Der EU-Versender Doc Morris stand seinerseits bereits im Fokus, weil er Patienten auf seiner Plattform Marktplatz direkt an den Telemedizin-Anbieter Teleclinic weiterleitet. Konkurrent Shop Apotheke wurde eine ähnliche Konstellation – den direkten Verweis auf den Telemedizin-Anbieter Zava – bereits gerichtlich untersagt.
Kritiker sehen zudem in dem gleichzeitigen Betrieb von Online-Apotheke und Online-Ärzte-Portal unter einem Firmendach einen Verstoß gegen das sogenannte Edikt von Salerno: der strikten Trennung von Arzt und Apotheke ergo von Arzneimittelverordnung und -abgabe.
Was das Verfolgen von Rechtsvergehen des Versenders Doc Morris betrifft, so ist die AKNR eine verlässliche Instanz. Abgesehen von arzneimittelrechtlich umstrittenen Rx-Boni ging es zuletzt auch um Provisionsmodelle für die Doc-Morris-Plattform Marktplatz und mögliche Verstöße gegen das Makelverbot.
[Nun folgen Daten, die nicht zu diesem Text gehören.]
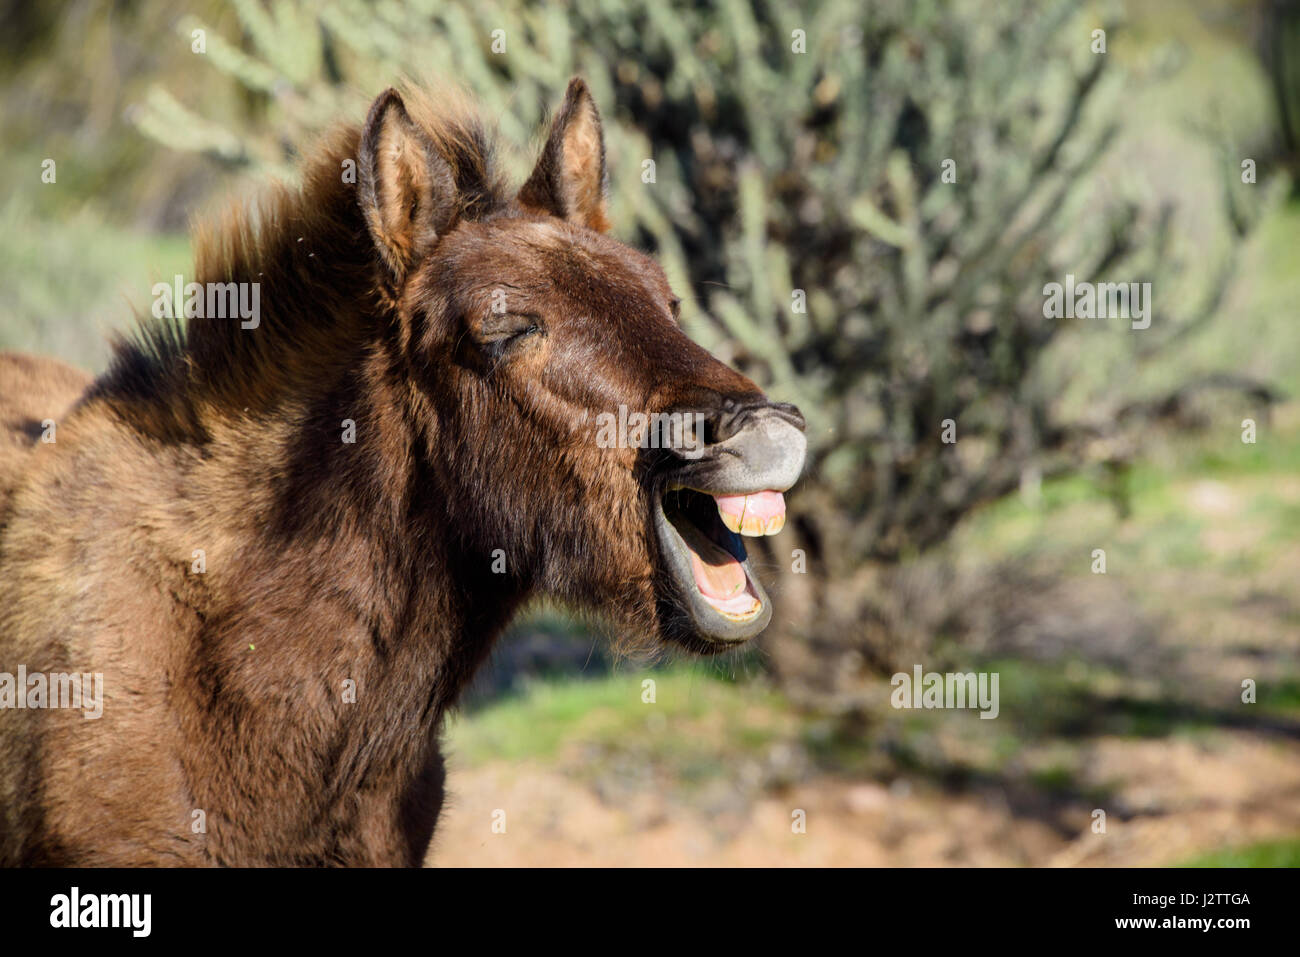 Les jeunes sauvages burro riant et montrant les dents. Partie d'une grande bande de chevaux sauvages résidant à l'extérieur de Phoenix, AZ Banque D'Images

Mit dem aktuellen Urteil konnte die AKNR nun, vertreten durch die Kanzlei Friedrich Graf von Westphalen & Partner, einen erneuten Erfolg erwirken. Teleclinic muss sich dafür verantworten, dass Doc Morris auf seiner Plattform die Möglichkeit bietet, Patienten, die noch keine Verschreibung haben, unmittelbar auf die Seite des Anbieters der Ärzte weiterzuleiten.
Das Urteil ist nicht rechtskräftig, Teleclinic kann in Berufung gehen. Eine endgültige Rechtsprechung dürfte mittelfristig aber klären, ob und in wieweit Grenzen bestehen zwischen der Zuführung von Patienten einerseits sowie der Zuleitung von Verschreibungen andererseits zwischen Versandapotheke und Ärzteplattformen.